United States Senator from New Jersey
- In office March 4, 1799 – February 16, 1801
- Preceded by: Franklin Davenport
- Succeeded by: Aaron Ogden

Member of the U.S. House of Representatives from New Jersey's at-large district
- In office March 4, 1797 – March 3, 1799
- Preceded by: Thomas Henderson
- Succeeded by: District eliminated

Member of the U.S. House of Representatives from New Jersey's at-large district
- In office March 4, 1789 – March 3, 1791
- Preceded by: District created
- Succeeded by: Jonathan Dayton

Personal details
- Born: February 12, 1756 New Brunswick, Province of New Jersey, British America
- Died: January 22, 1824 (aged 67) New Brunswick, New Jersey, U.S.
- Party: Federalist
- Alma mater: Queen's College (BA) 1775 (now known as Rutgers University)

= James Schureman =

American merchant and politician (1756–1824)

James Schureman (February 12, 1756 – January 22, 1824) was an American merchant and statesman from New Brunswick, New Jersey.
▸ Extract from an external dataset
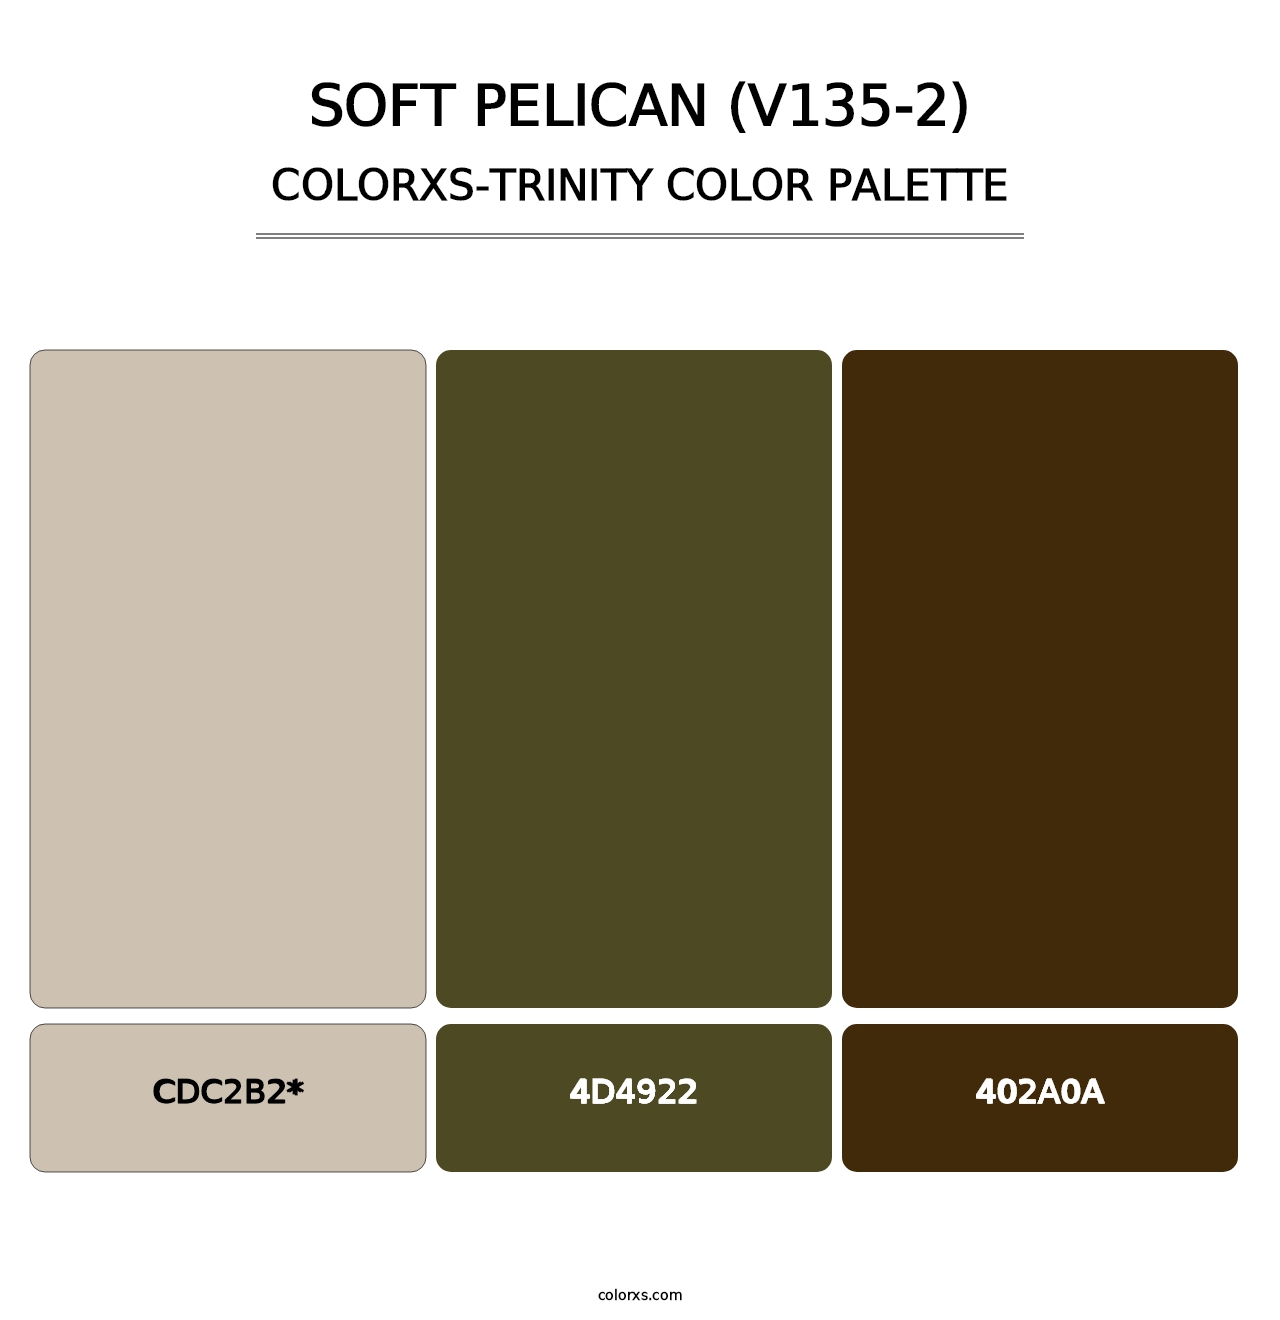 Soft Pelican (V135-2) - Colorxs Trinity Palette
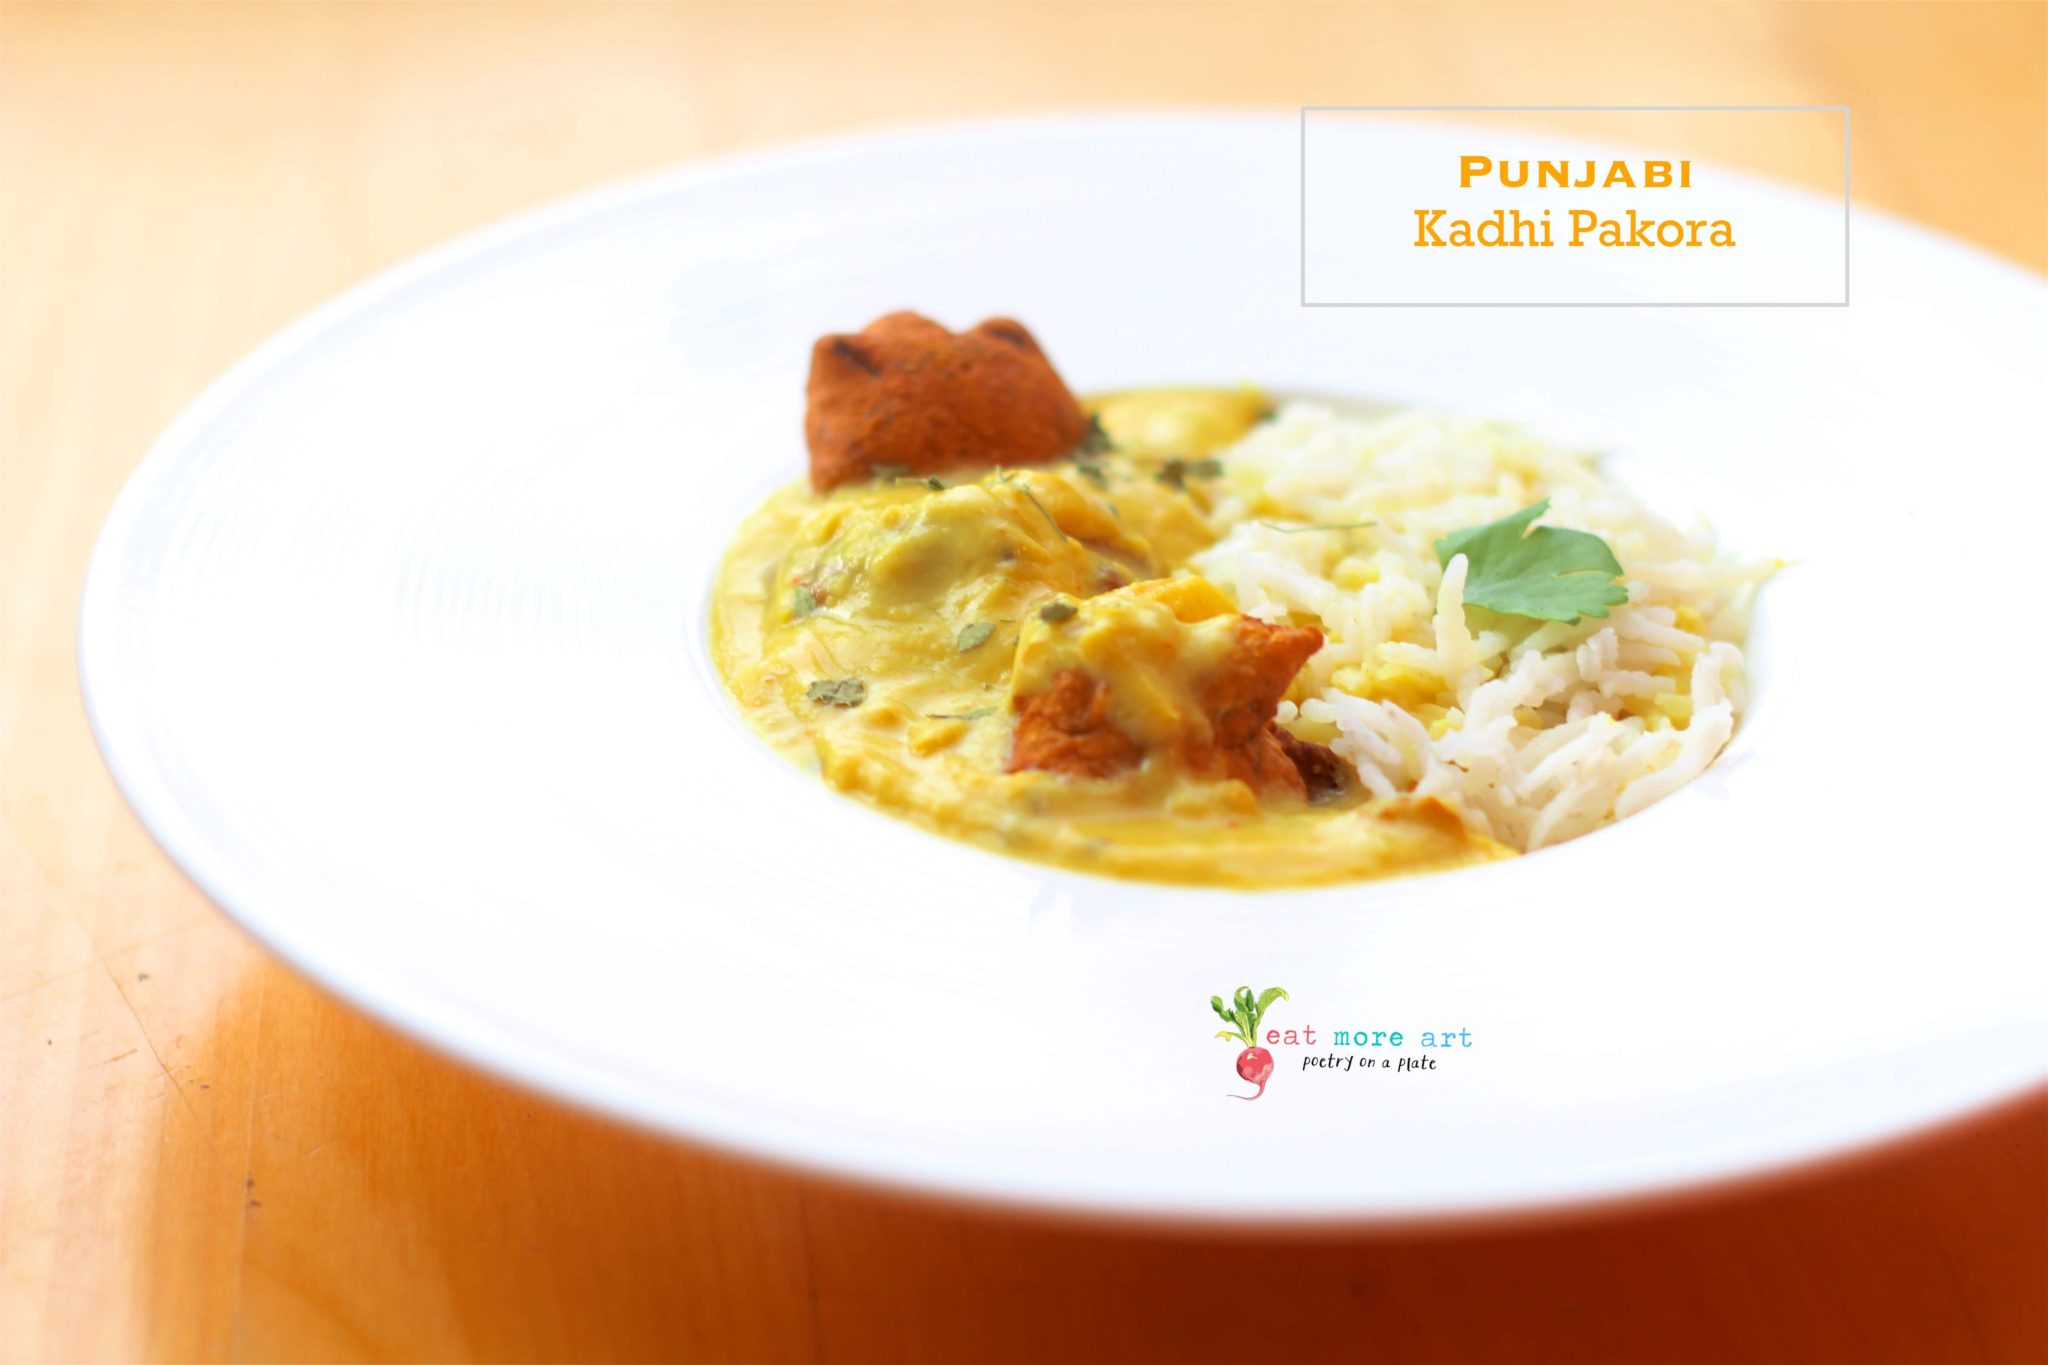 a plate of punjabi kadhi pakora

He represented New Jersey in the Continental Congress as well as the United States House of Representatives and United States Senate.

== Biography ==
James was born in New Brunswick in the Province of New Jersey and attended Queen's College (now Rutgers University), graduating in 1775. When he graduated he raised a volunteer company in New Brunswick and led it as captain in the Middlesex County militia. He led them in the Battle of Brooklyn on August 27, 1776, where he was captured. He was held as a prisoner of war until early in the spring of 1777 when he escaped to rejoin the Continental Army at Morristown.

Schureman returned to New Brunswick and took up a mercantile career while still serving in the militia. He was elected to the New Jersey General Assembly from 1783 to 1785. In 1786, New Jersey sent him as a delegate to the Continental Congress. That same year he was one of those at the Annapolis Convention that called for a new constitution for the United States. He continued in the Congressional session of 1787, then was returned to the state assembly in 1788.

When the United States was formed, Schureman was elected to the First House of Representatives, serving from 1789 until 1791. He served two other terms in the House, in the 9th Congress (1797–1799) and 14th Congress (1813–1815). He was elected to the U.S. Senate to complete the term of John Rutherfurd and served there from 1799 to 1801. Between these duties he served a number of years as the Mayor of New Brunswick, New Jersey including 1792–1794, 1801–1813, and 1821–1824. He also represented Middlesex County, New Jersey on the New Jersey Legislative Council for the 1808, 1810, and 1812–1813 sessions of the legislature, serving as Vice-President of Council in the latter session.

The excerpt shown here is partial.